About a week ago, Rabbi Ovadia Yosef, the former Chief Sephardic Rabbi of Israel, attributed the forest fire to Jews’ failure to observe Shabbat properly. While his remarks have an eerie resonance with what Rev. John Hagee said about New Orleans’ permissive attitude toward gay pride causing Hurricane Katrina, reading Rabbi Yosef’s comments got me thinking about what it means to cast a broad net of responsibility when government readiness cannot meet the scale of a natural disaster (even if I think his specific argument is insane). For Ovadia Yosef, the reason why the fire burned in the North was because of Jews’ failure to follow religious commandments, meaning (in the most charitable way I can see it), that the scope of responsibility for the loss of property and life does not lie with just the individuals who set the fire, the government, or the politicians. Many more people share responsibility for this.
Coincidentally, right after reading this article, I heard a lecture in the Old City of Jerusalem on chapter 5 of Ezekiel. I had never learned this passage before, but it seemed quite relevant to the fire in the Carmel:
And thou, son of man, take thee a sharp sword, as a barber’s razor shalt thou take it unto thee, and cause it to pass upon thy head and upon thy beard; then take thee balances to weigh, and divide the hair.
A third part shalt thou burn in the fire in the midst of the city, when the days of the siege are fulfilled…
And of them again shalt thou take, and cast them into the midst of the fire, and burn them in the fire; therefrom shall a fire come forth into all the house of Israel.
Thus saith the Lord GOD: This is Jerusalem! I have set her in the midst of the nations, and countries are round about her.
And she hath rebelled against Mine ordinances in doing wickedness more than the nations, and against My statutes more than the countries that are round about her; for they have rejected Mine ordinances, and as for My statutes, they have not walked in them.
Putting aside the explicit focus on Jerusalem and the apocalyptic predictions, I think it’s important to ask: what is the wickedness – or perhaps, misguided behavior – that people have committed that may have brought on this tragedy?
This forest fire broke out during the driest November Israel has experienced in over 60 years, if not longer. While the winter season is supposed to be cloudy, dreary, and rainy, here in Jerusalem, prior to last week, we had been having an unseasonable heat wave since the summer. It was so bad that the Jerusalem Orthodox rabbinate called two separate fast days, and another progressive religious group in Jerusalem held a prayer service for rain. And I don’t think it’s a coincidence that as Israel has been experiencing a protracted dry-spell, Europe is being pummeled with freezing temperatures and snow. Given these conditions, it seems clear that climate change played a role in the fire and how it spread so quickly.

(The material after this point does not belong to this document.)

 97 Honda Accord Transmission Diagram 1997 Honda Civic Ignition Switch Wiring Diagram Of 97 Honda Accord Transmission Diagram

A traditional rabbinic Jewish understanding of rain not falling is that it is due to sin – our inability to observe proper moral and ritual conduct. And a fast is designed not only to awaken God’s compassion on the land and on the people, but to get people to recommit themselves to proper behavior. I don’t believe that a conscious God or the environment notice when people miss a meal, but I do think there is some profound wisdom in this idea. We could say that it is because of our sins – our addiction to consumption-based lifestyles that produce tons of carbon gasses that go into the atmosphere and change weather patterns – that the weather has changed so much such that the lack of rains facilitated the rapid spread of the fire. That each of us in the developed and developing world need to take a measure of responsibility for the fire in the Carmel, just as we need to take responsibility for the range of environmental changes that we are witnessing today.

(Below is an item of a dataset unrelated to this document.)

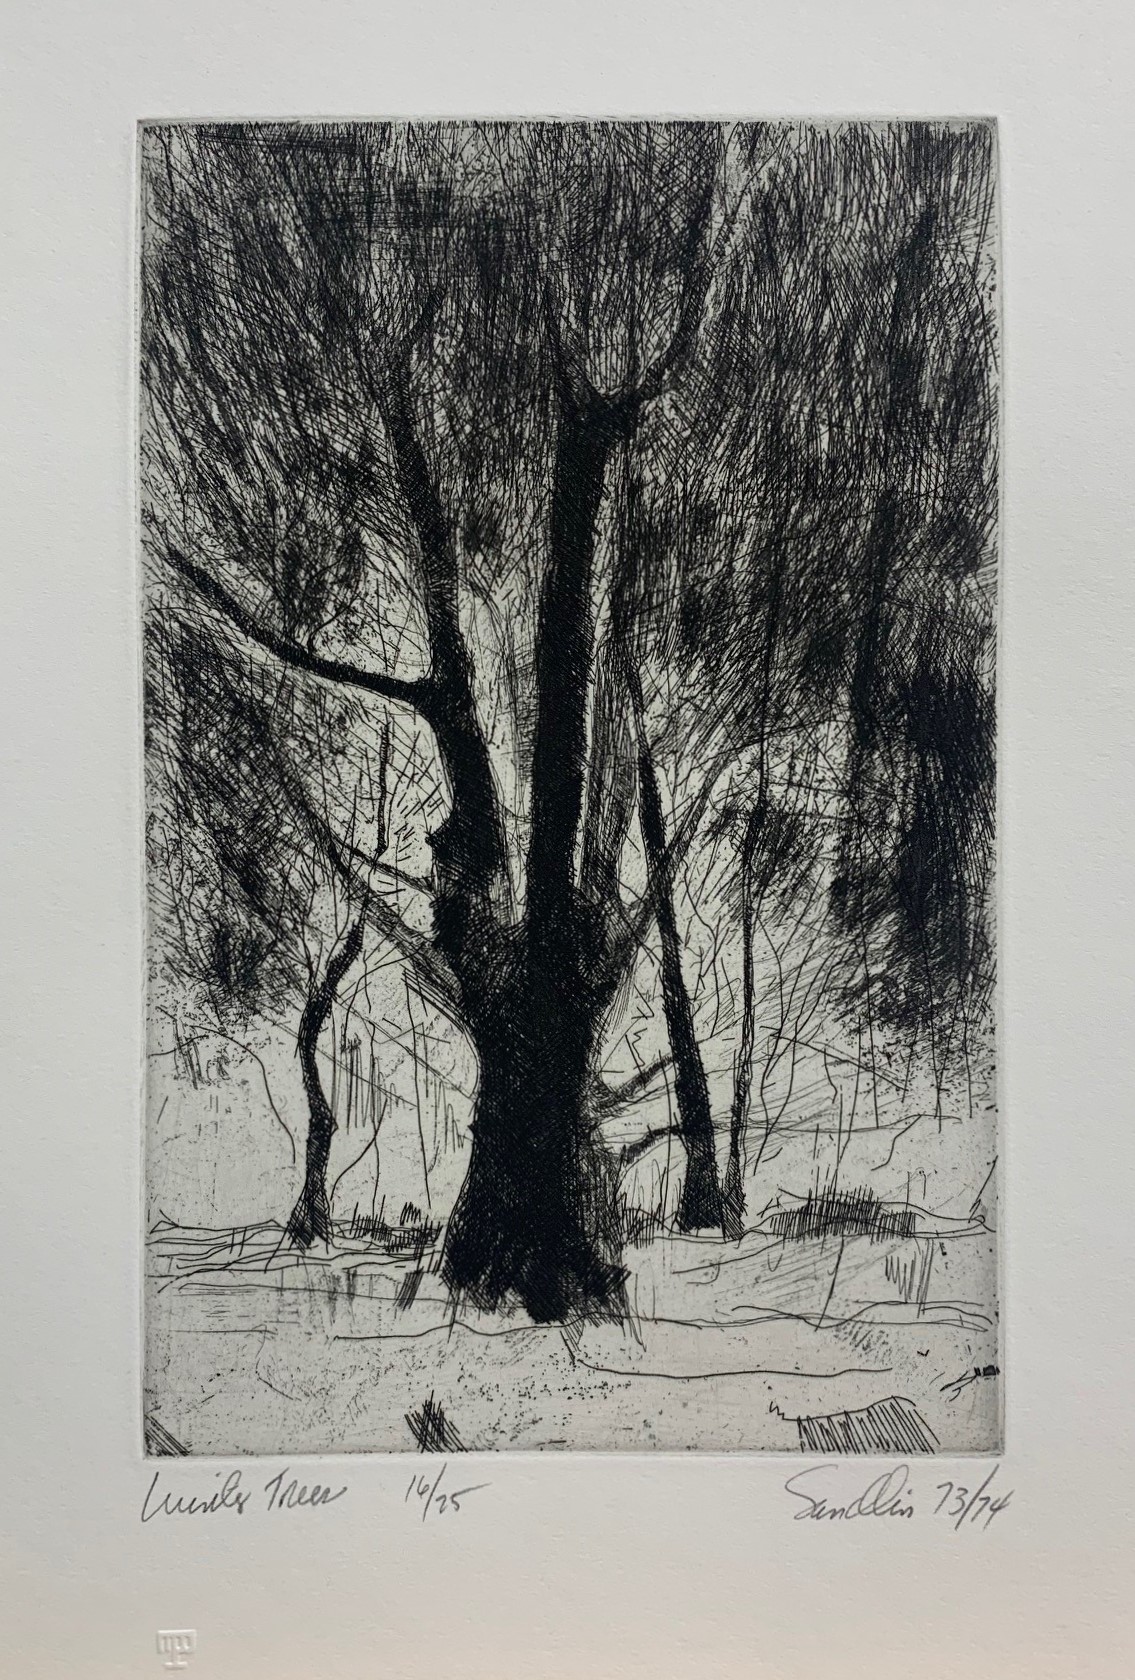 John Sandlin, “Winter Trees ed 16/25”, etching
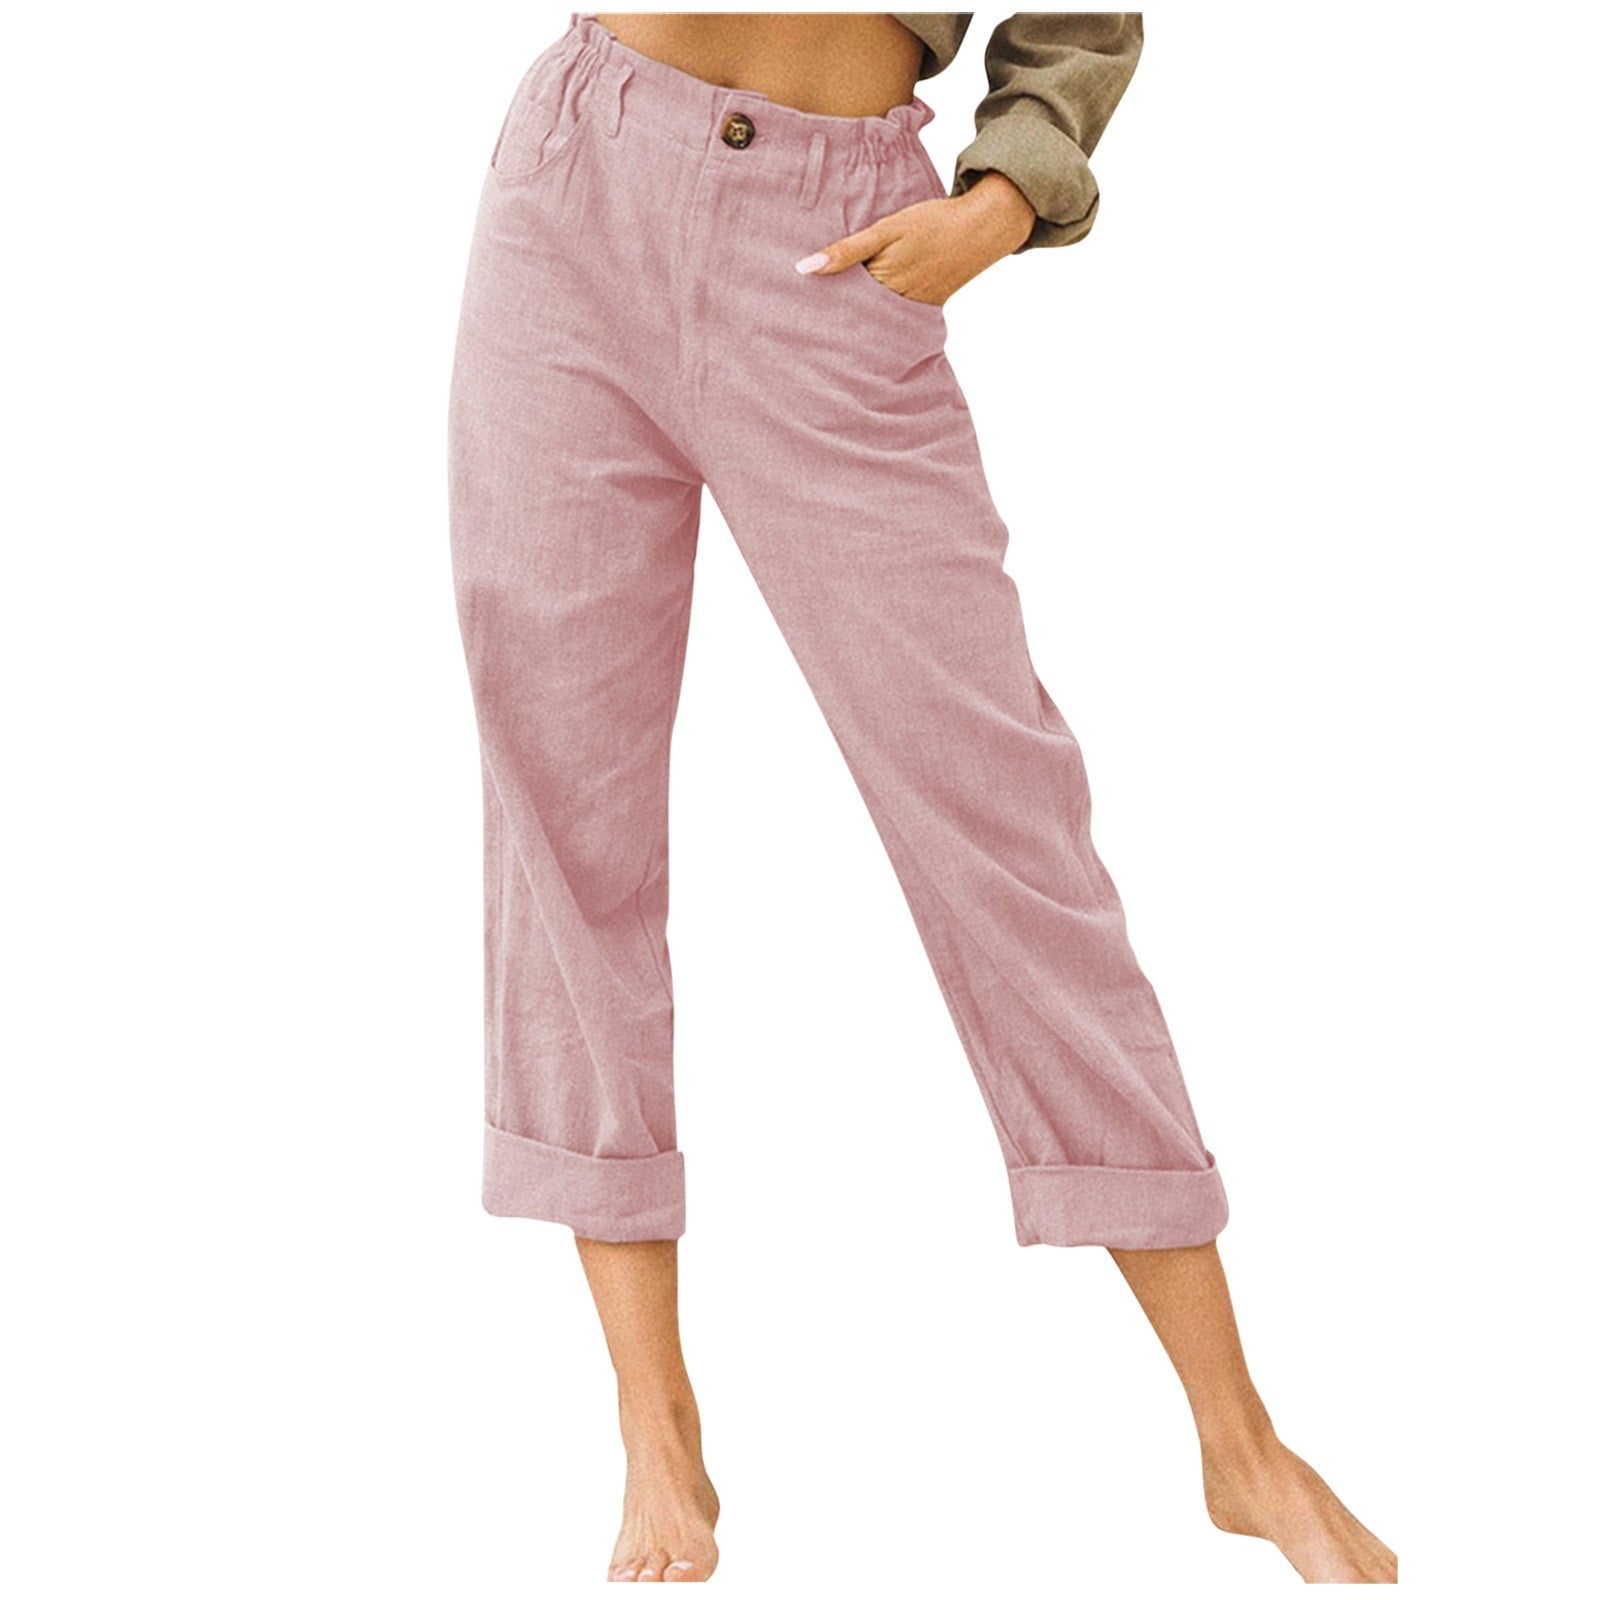 Clearance Summer Capri Pants for Women, Women's Cotton Linen Button ...

While I cannot get on board with the specific justification of either Ovadia Yosef or John Hagee as to why natural disasters happen or why inept politicians and bureaucracies make them worse, I want to lift up what I see as their sense that the scope of responsibility for environmental tragedy is much large and must be shared: even when we don’t live next door to a tragedy, we need to own up to the mess we’re helping to create.
One thought on “The Israel Forest Fire: Taking Responsibility”
Comments are closed.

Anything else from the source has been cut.